Looking ahead five to 10 years, I believe that growth in Asia will move global economic trends in new directions. We are witnessing the creation of tremendous markets in China and India, with their three billion people coming into the capital-market system. Considering the similarities among Asian countries' cultures and systems, and our company's compelling track records in Asian investments, I am confident we can be competitive in Asian funds against companies from other regions. And while exposure to Asian assets by European and U.S. investors is still minimal, I believe the growth of Asia's economies will cause them to increase their investments here. We plan to offer them reliable Asia-Pacific investment funds.

WSJ: What's the most important knowledge you wish every new hire had?

Mr. Park: Honesty. This business is selling trust, not returns; it's not just about making money. People employed at Mirae shouldn't lie to our clients. The secret to hiring good people who will live up to those expectations is to find a group of qualified employees. If you find 10, it is likely you will be left with at least one who can.

WSJ: What principle of management do you wish you knew when you started?

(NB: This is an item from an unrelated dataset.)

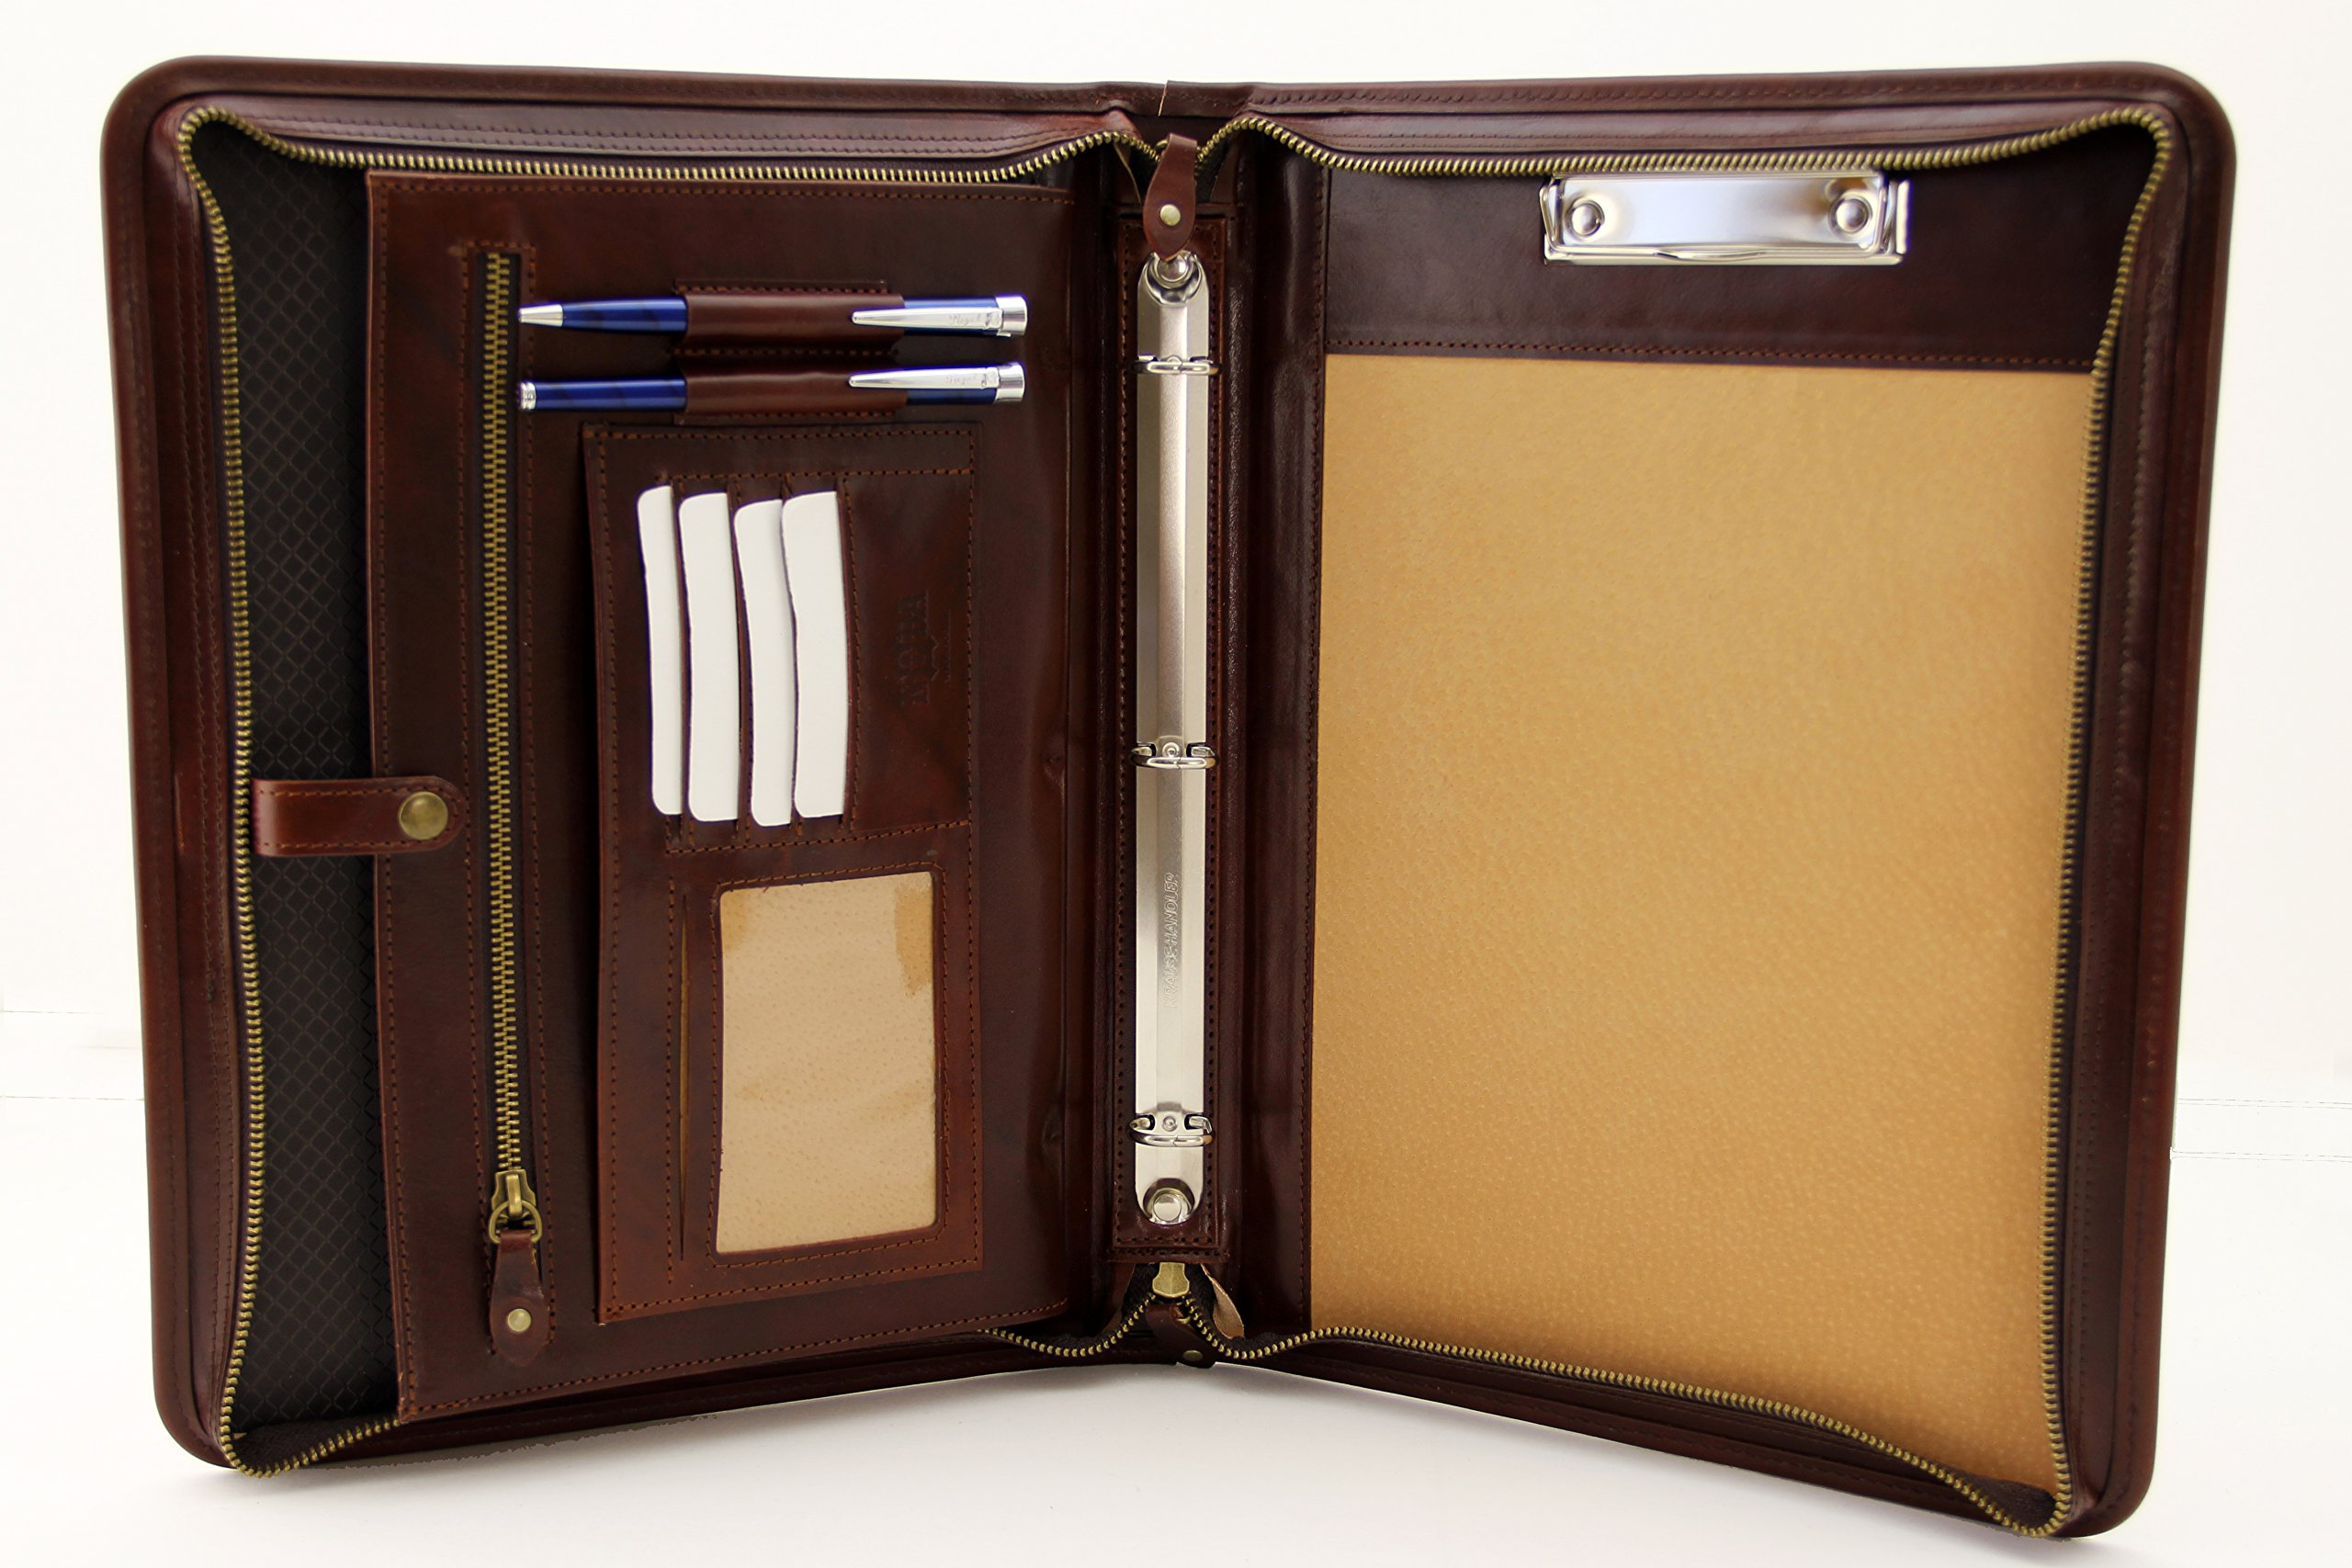 Noda Executive Leather Padfolio 3 ring binder Professional Business Portfolio w/ Zippered Closure | Resume, Document, Notepad, Tablet, Clipboard, Writing Pad Organizer | Men, Women (Caognac)

Mr. Park: Running my own business, and before that my experiences as a branch manager for another company, taught me an important lesson, the value of people in any organization, though it took me almost 10 years. It is strange that it takes such a long time, for me and for most people, to realize such a simple truth. As a top manager whose vision is focused on strategy, what I do is simply to make marks on a blank sheet of paper, leaving others to fill out the picture. So, having the right people around you is really important.

WSJ: What makes a good fund manager?

Mr. Park: Contrary views. They should be able to find invisible as well as visible values. And a sense of balance, which means they should be capable of finding the fair value of a company regardless of current market condition. When looking at a company, I pay more attention to the relative competitiveness within the surrounding environment than to the statistical data itself.